Unfulfilled Promises

During the Reconstruction Era following the American Civil War, three constitutional amendments were enacted to improve the lives of African Americans. The Thirteenth Amendment banned slavery. The Fourteenth Amendment barred states from denying “equal protection of the laws.” The Fifteenth Amendment established that the right to vote could not be denied on the basis of race. 

Despite these protections, African Americans, particularly those residing in southern states, faced significant obstacles to voting. Jim Crow, a system of laws and attitudes that legitimized anti-black racism and the belief in black inferiority, was used to make African Americans second-class citizens, segregate public facilities, and prevent them from gaining political power.
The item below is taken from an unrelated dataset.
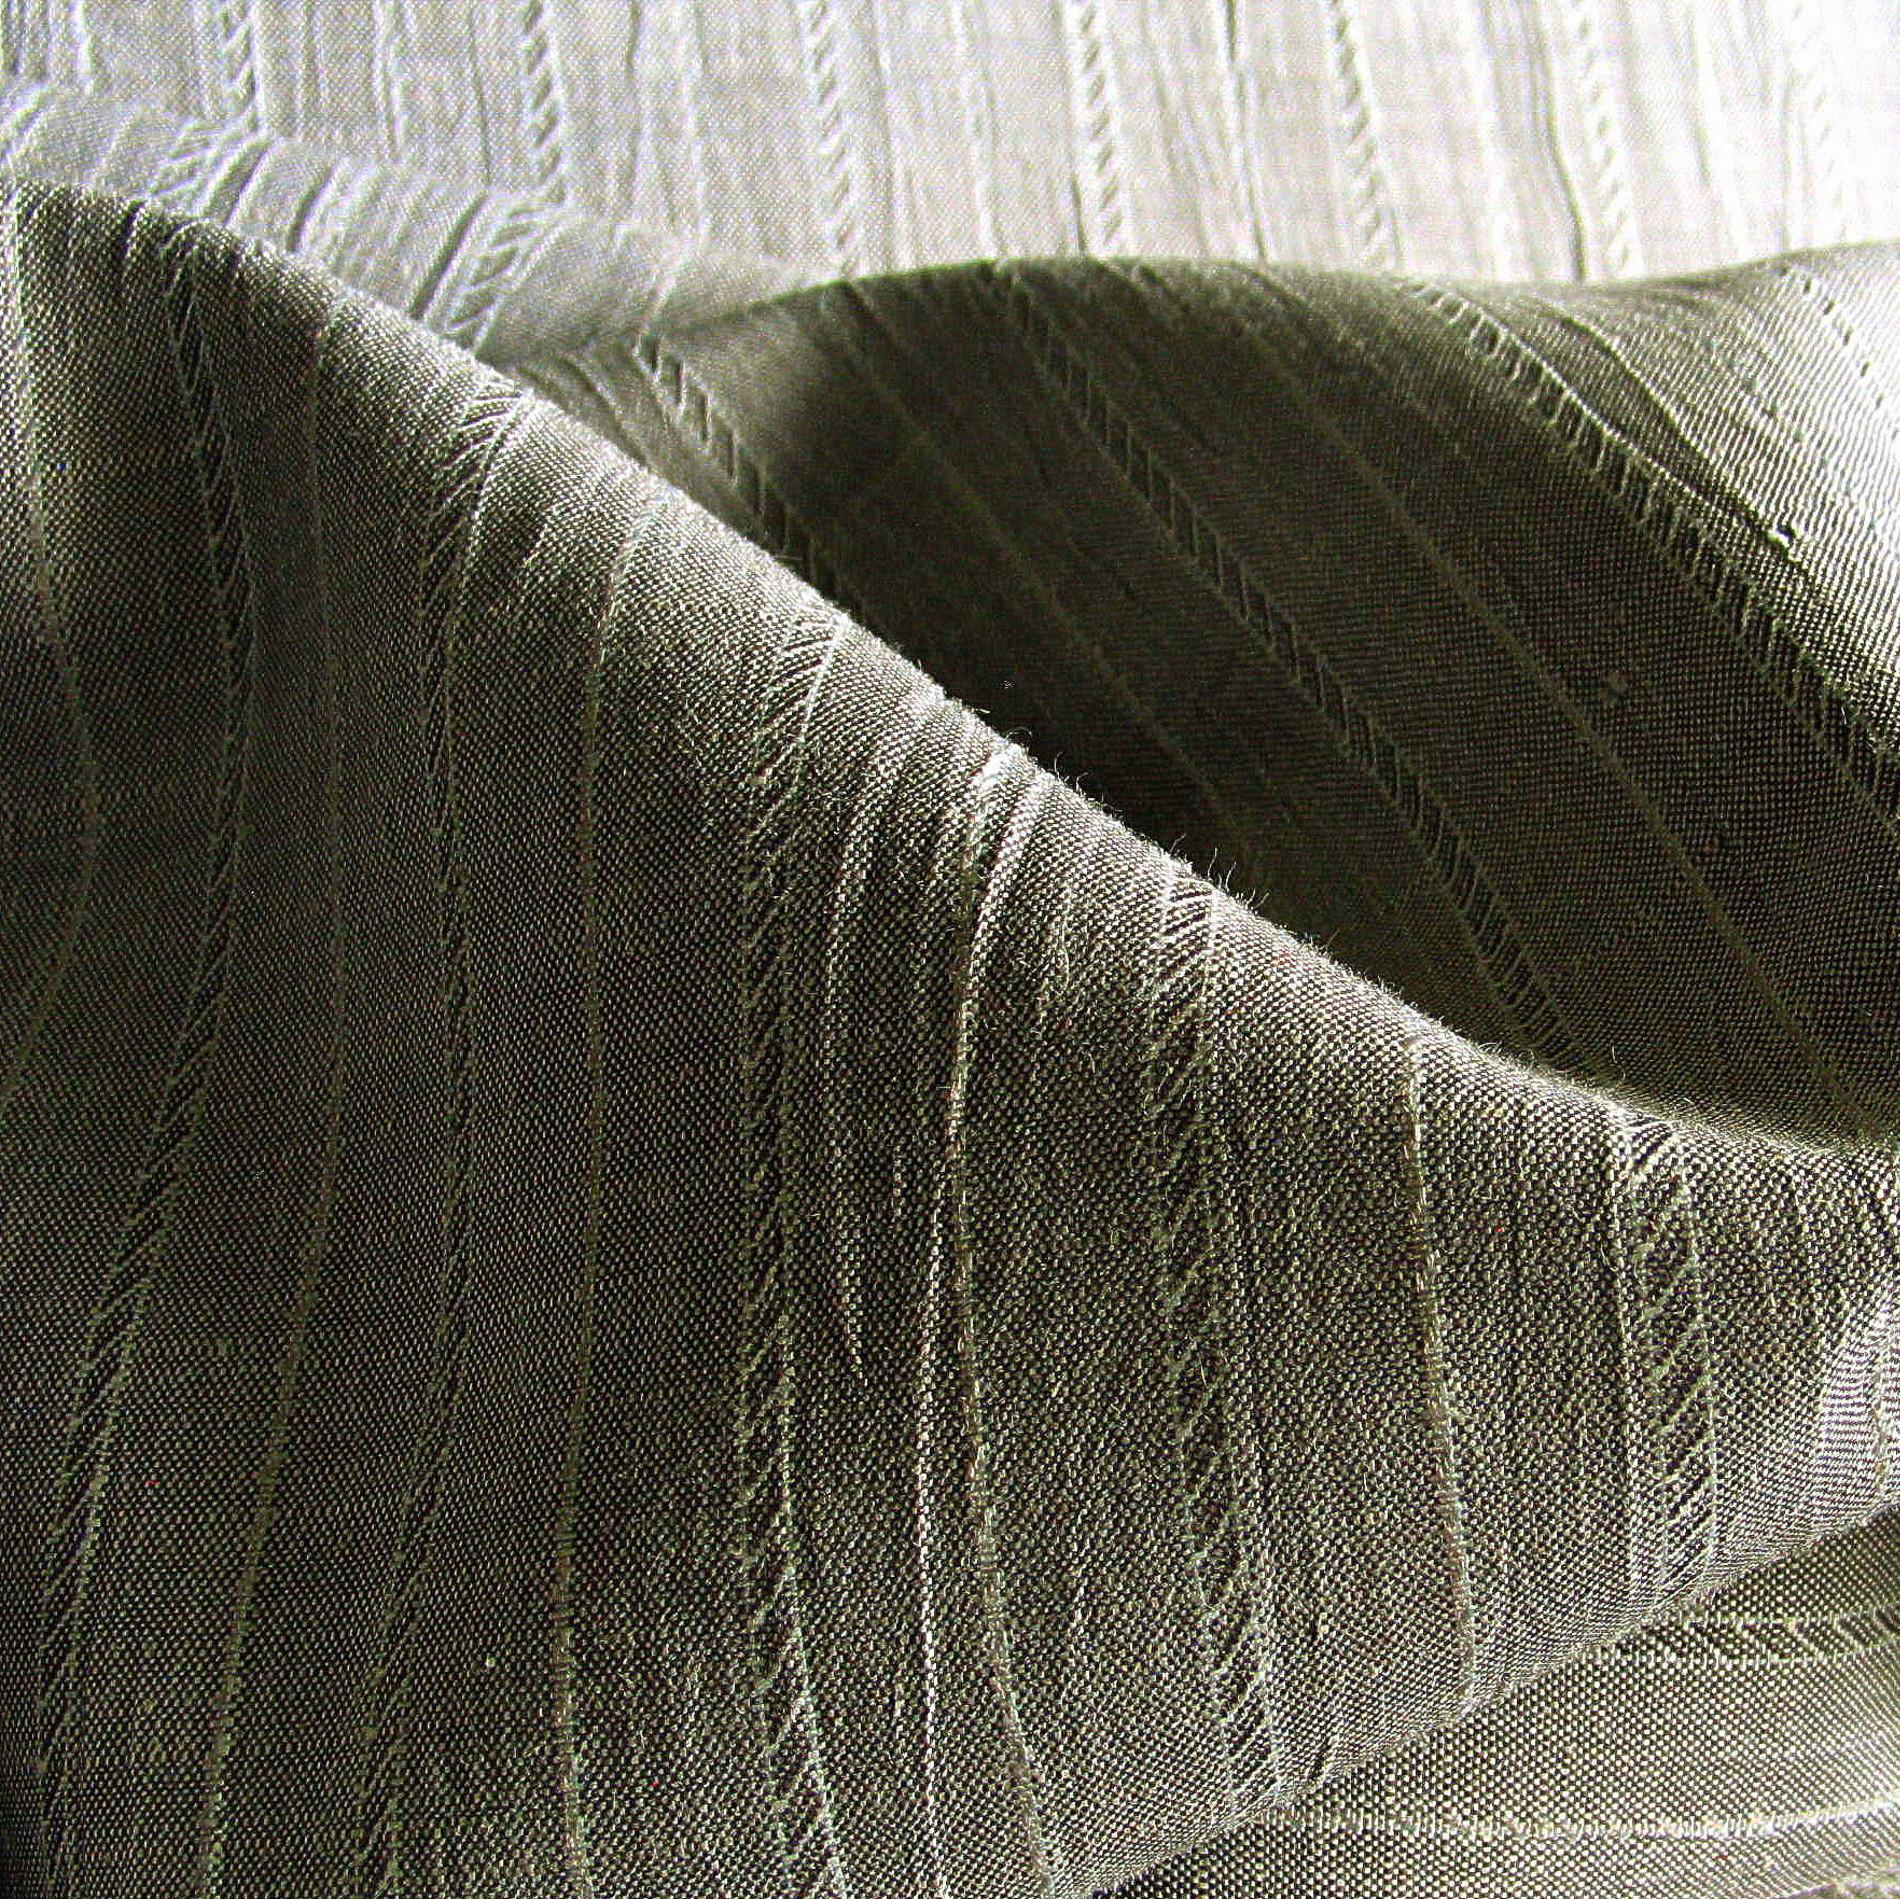 crash leinen streifen gemusterte stoffe stoffe mit streifenmuster. Black Bedroom Furniture Sets. Home Design Ideas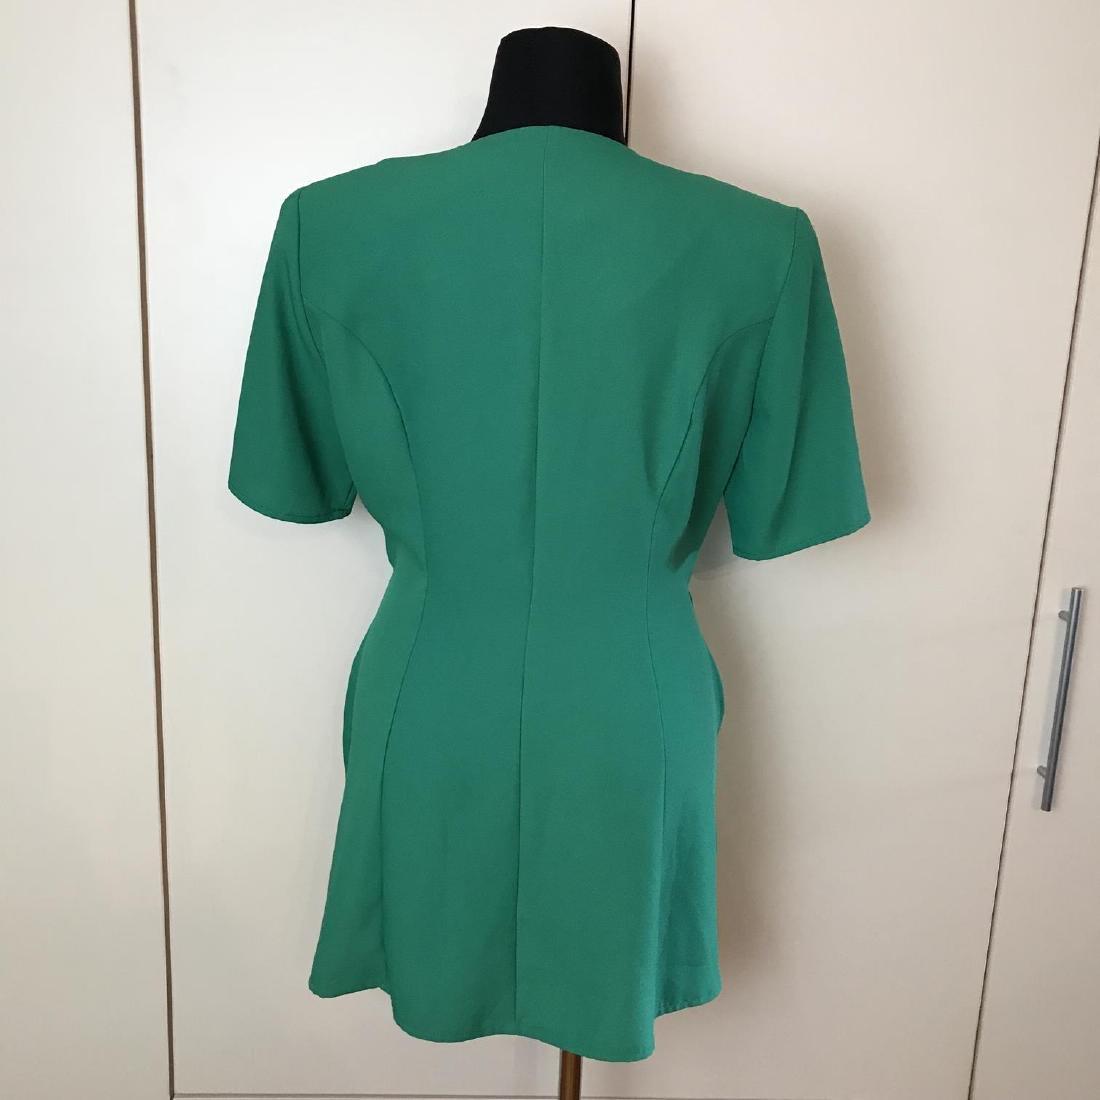 Vintage Women's Blouse Shirt Jacket Size US 12 UK 16 - 5

African Americans faced bureaucratic restrictions, such as poll taxes and literacy tests, as well as intimidation and physical violence while registering and attempting to vote. 

Little was done at the federal level to enforce Reconstruction Era laws, including the Fifteenth Amendment. Dedicated activists in the mid-twentieth century forced the nation to pay closer attention to civil rights. 

Each year from 1945 to 1956, Congress attempted–but failed–to pass a civil rights bill. It finally passed the Civil Rights Acts of 1957, 1960, and 1964, but none of these laws was strong enough to prevent voting discrimination at the local level. 

In December 1964, the Southern Christian Leadership Conference announced it would begin a voting campaign to register African Americans in Selma, Alabama. The violence that occurred during this campaign underscored the need for federal voting rights legislation.